140 millions KMF évaporés à la Banque de développement des Comores, une femme arrêtée


Par , le dans l'actualité comorienne
140 millions KMF évaporés à la Banque de développement des Comores, une femme arrêtée Estimé entre 130 et 140 millions de francs comoriens, le montant réel de cet argent évaporé dans les comptes de la Banque de développement des Comores (Bdc) sera déterminé par le juge d’instruction dans le cadre de ses investigations. Au sujet de la restitution de l’argent, l’avocate de la banque répondra que «les investigations peuvent déterminer l’endroit où a été placé cet argent. Dans le cas contraire, il faut attendre une décision définitive assortie d’une mesure exécutoire. Ce n’est qu’en ce moment que cet argent peut-être récupéré».

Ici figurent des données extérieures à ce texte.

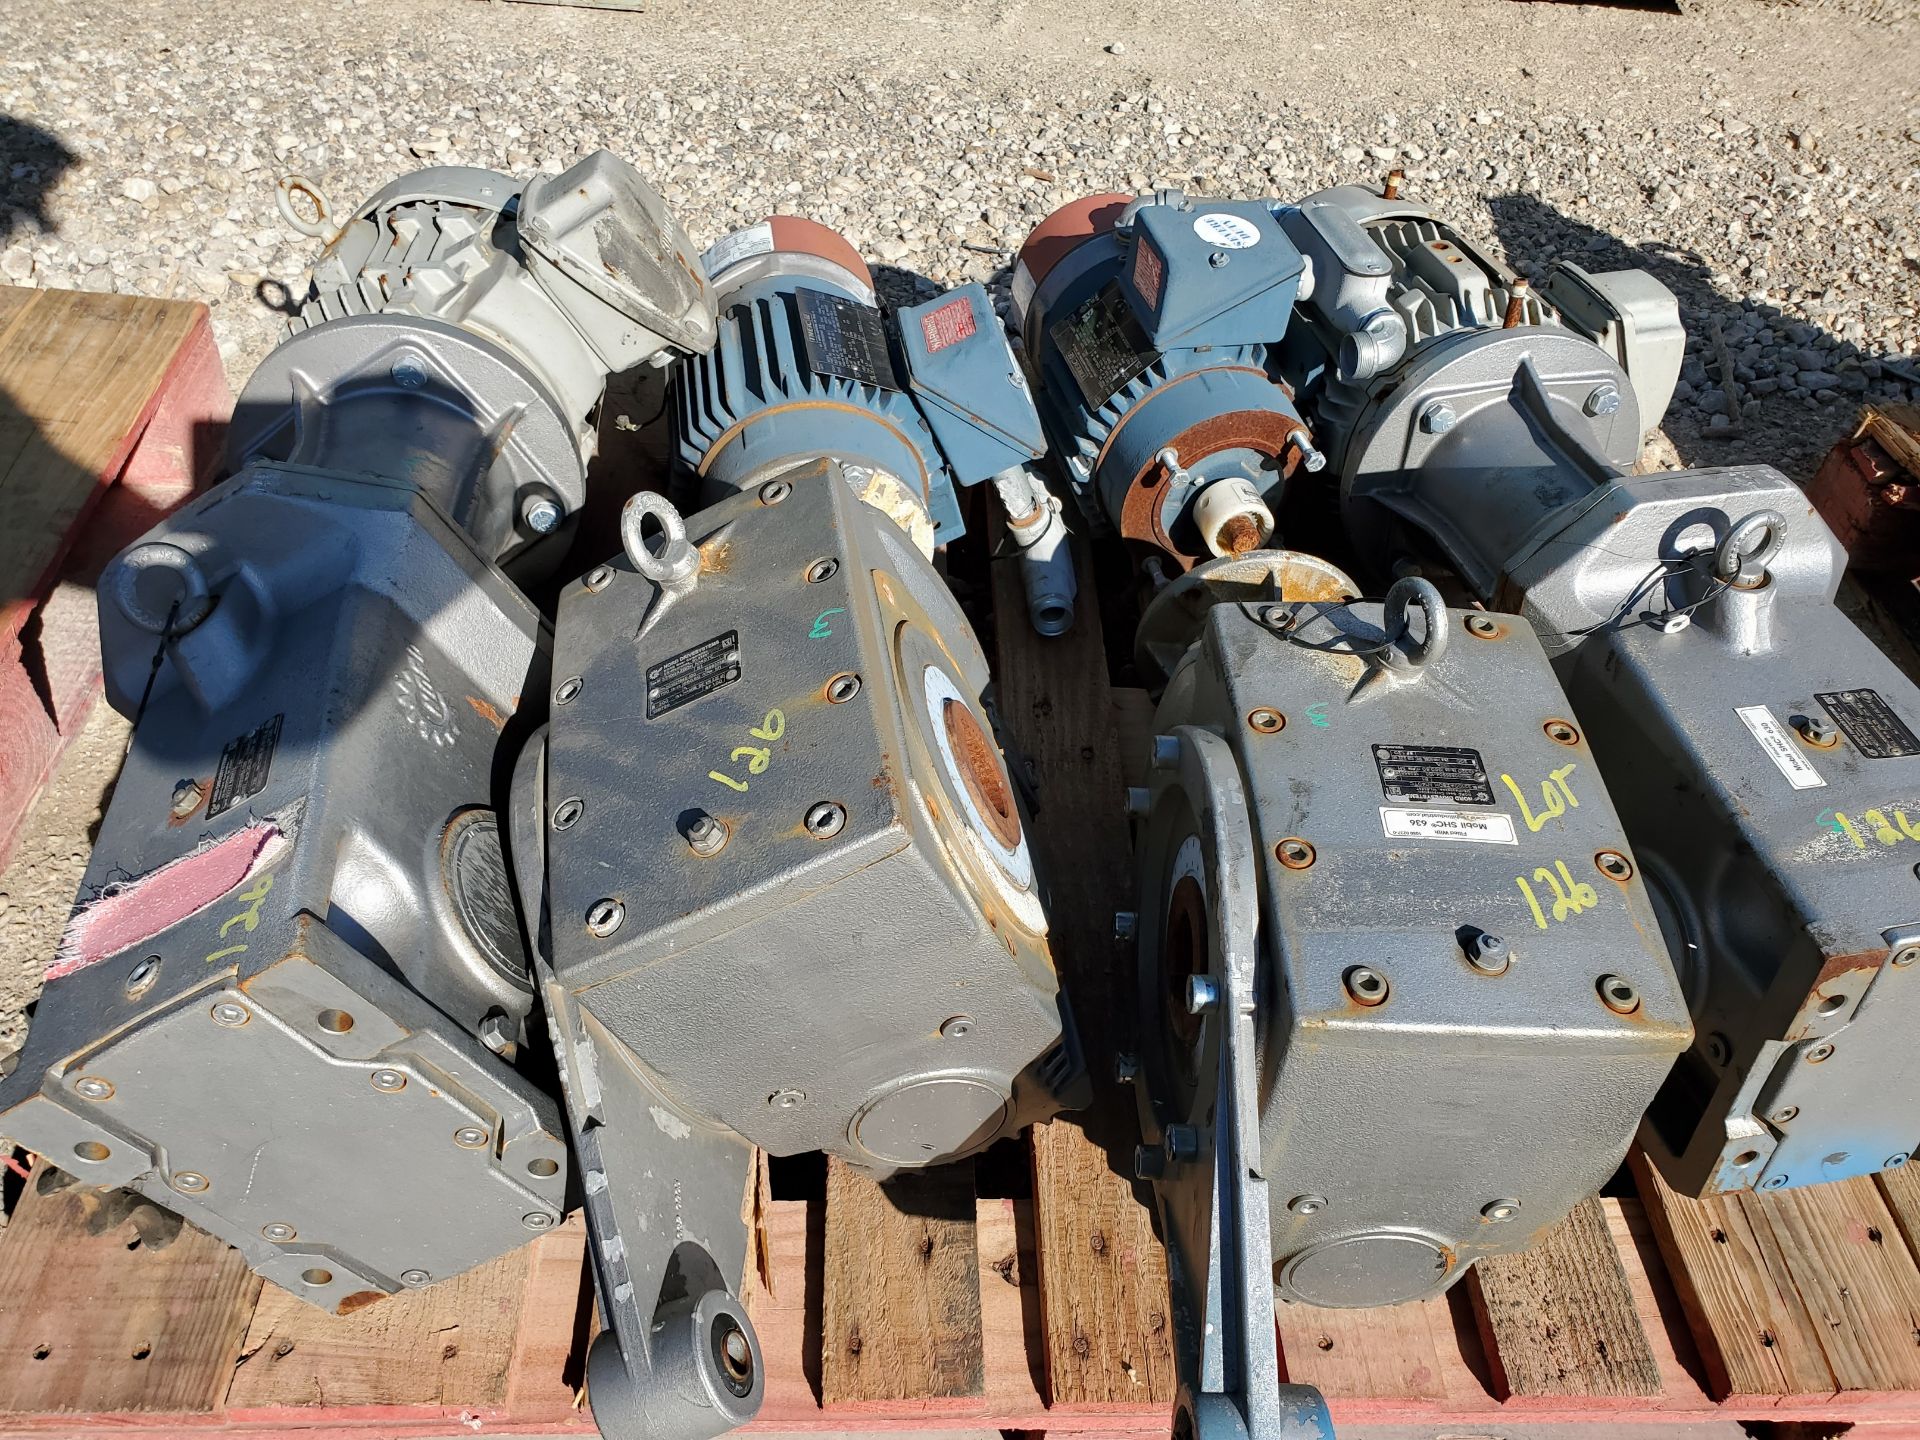 (4) NORD DRIVESYSTEMS 25.39:1 GEAR REDUCERS WITH GE 1 HP ELECTRIC MOTORS - Image 2 of 8

Victime d’un détournement présumé de fonds, perpétré par une de ses cadres, la Banque de développement des Comores (Bdc) a saisi la Justice. Une procédure pénale est engagée et la banque s’est constituée partie civile. «Après l’enquête préliminaire, l’affaire est déférée au parquet, une information judiciaire est ouverte», a déclaré hier l’avocate de la Bdc, Me Fatoumia Mohamed Zeina, selon qui l’information judiciaire est suivie d’un placement en détention provisoire de la présumée auteure de ce détournement. Interrogé sur cette mesure imposée à l’encontre de sa cliente, Me Youssouf Mohamed Hassane, avocat de l’auteure présumée de ce détournement, s’est réservé de tout commentaire.


Selon des sources proches du dossier, la somme détournée serait estimée entre 130 à 140 millions de francs comoriens. Me Fatoumia Mohamed Zeina a déclaré qu’»à l’heure actuelle, nous ne sommes pas en mesure de donner le montant exact du préjudice subi par la banque. L’investigation continue et c’est le travail du juge d’instruction qui déterminera le montant exact de l’argent détourné». L’avocate a soutenu que ce détournement a été constaté suite à une opération d’audit effectué à la banque. Par rapport à la restitution de cet argent détourné, Me Fatoumia Mohamed Zeina a ajouté que «les investigations peuvent déterminer l’endroit où a été placé cet argent, dans le cas contraire, il faut attendre une décision définitive assortie d’une mesure exécutoire. Ce n’est qu’en ce moment que cet argent peut-être récupéré».


L’avocate de la Bdc a ajouté qu’à l’état actuel de la procédure, aucune mesure de restitution, ou de confiscation des biens de l’auteure présumée de ce détournement ne peut être engagée ou envisagée.L’auteure ne peut être envisagée. L’auteure présumée de ce détournement est sous couvert du régime de présomption d’innocence. Placée en détention provisoire par le juge chargé du dossier, il y a tout juste dix jours, la présumée auteure de ce détournement se trouvait à la maison d’arrêt de Moroni quand elle apprenait le décès de son époux, un informaticien des douanes comoriennes, connu sous le nom d’Ahmed Cheihane. Selon le procureur de la République, «le parquet a pris les mesures nécessaires pour permettre à la veuve d’assister aux obsèques de son époux. Quant à la possibilité de permettre à la veuve d’observer sa période de viduité de quatre mois et dix jours, le chef de parquet a précisé que cette mesure est du ressort du juge d’instruction».